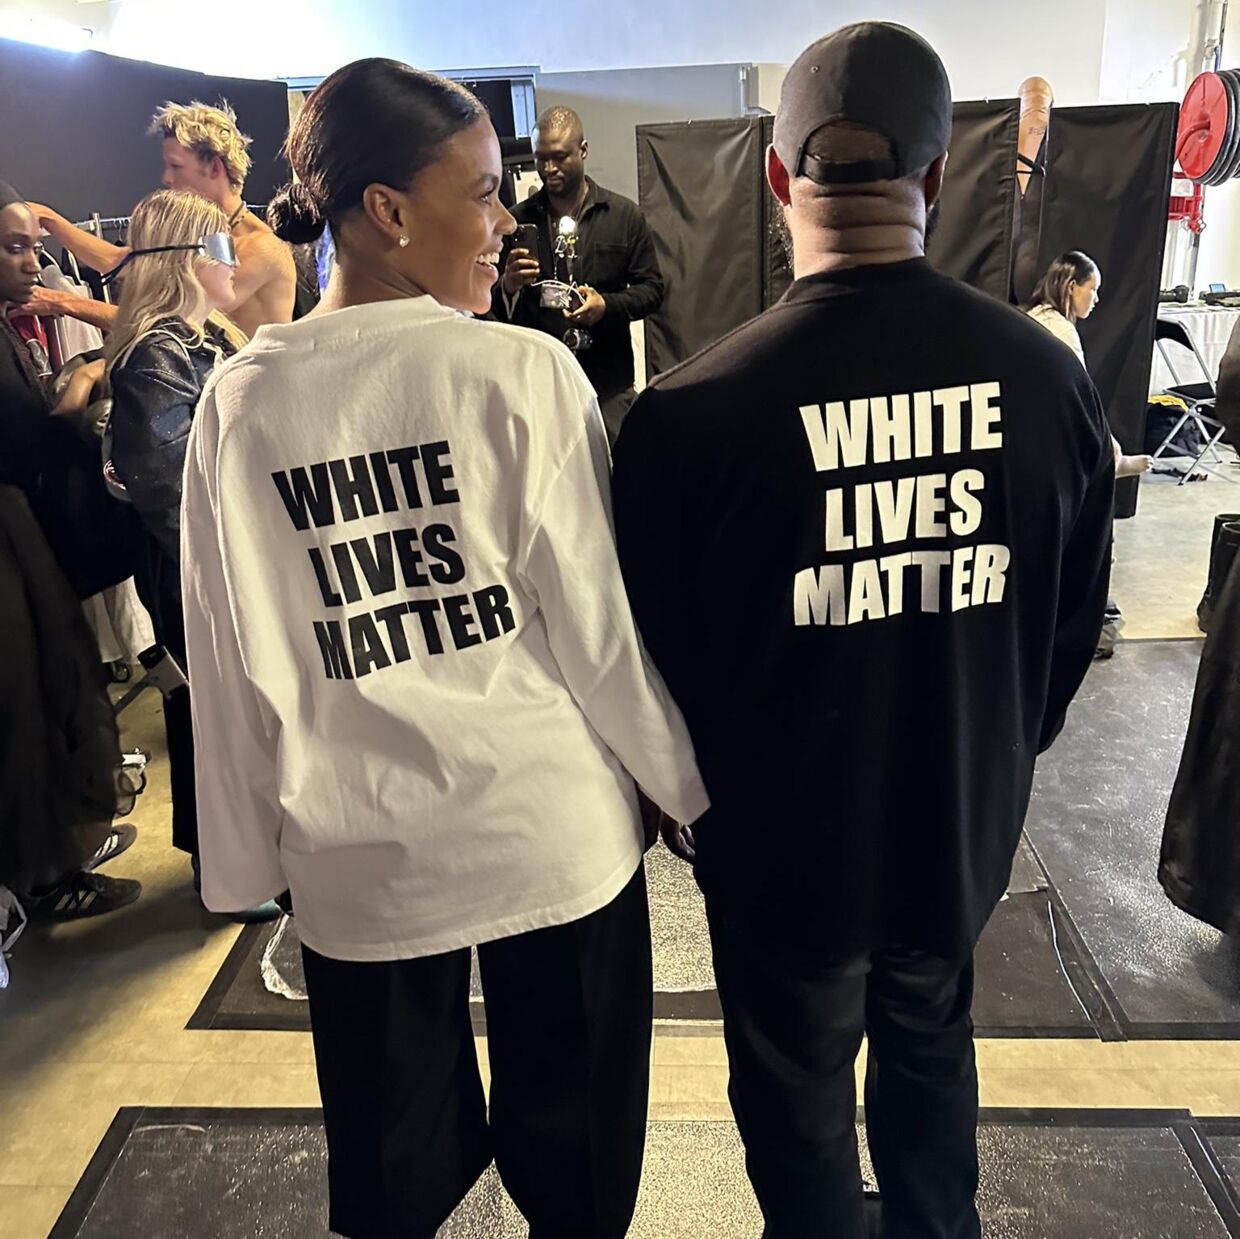 Den politiske kommentator Candace Owens delte selv på Twitter et billede af hendes og Kanye Wests trøjer med det kontroversielle budskab.
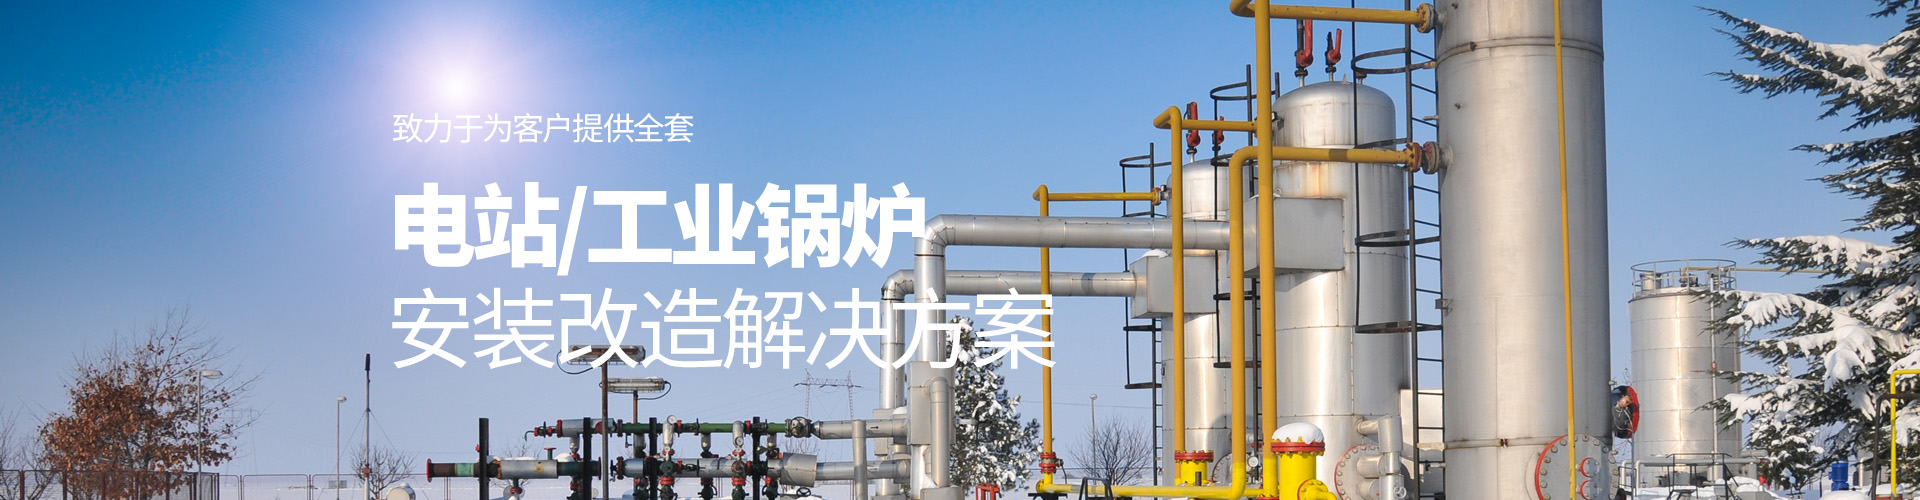 安阳市东风锅炉安装有限责任公司
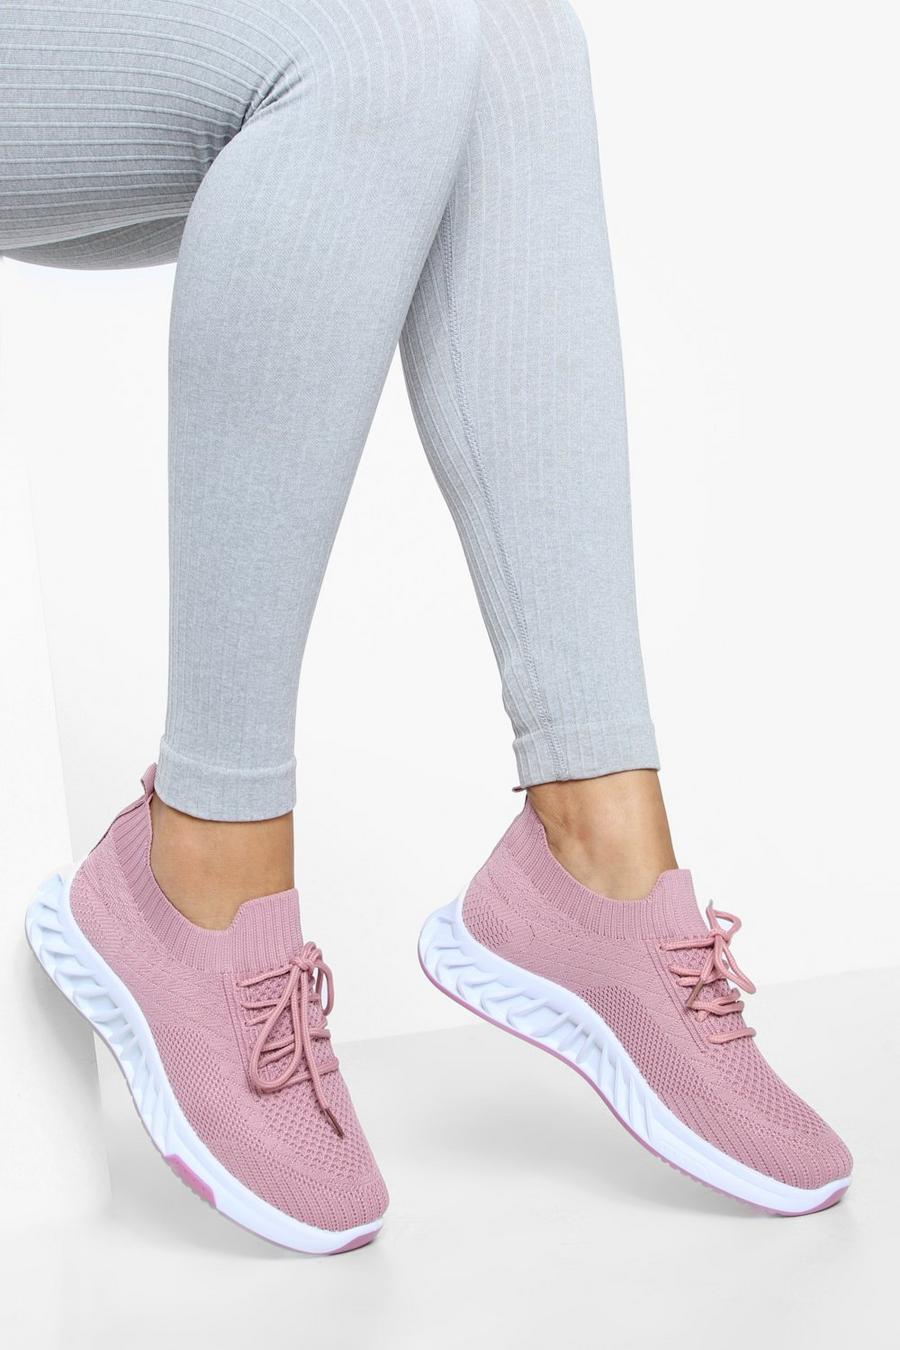 Zapatillas deportivas calcetín de tela con tiras cruzadas, Pink rosa image number 1

____________________

**THE TASK**
Only the pictures in the listing above get left out; print everything else exactly.

**REPLY TO THE EXERCISE**
 Den politiske kommentator Candace Owens delte selv på Twitter et billede af hendes og Kanye Wests trøjer med det kontroversielle budskab.
 安阳市东风锅炉安装有限责任公司
 Zapatillas deportivas calcetín de tela con tiras cruzadas, Pink rosa image number 1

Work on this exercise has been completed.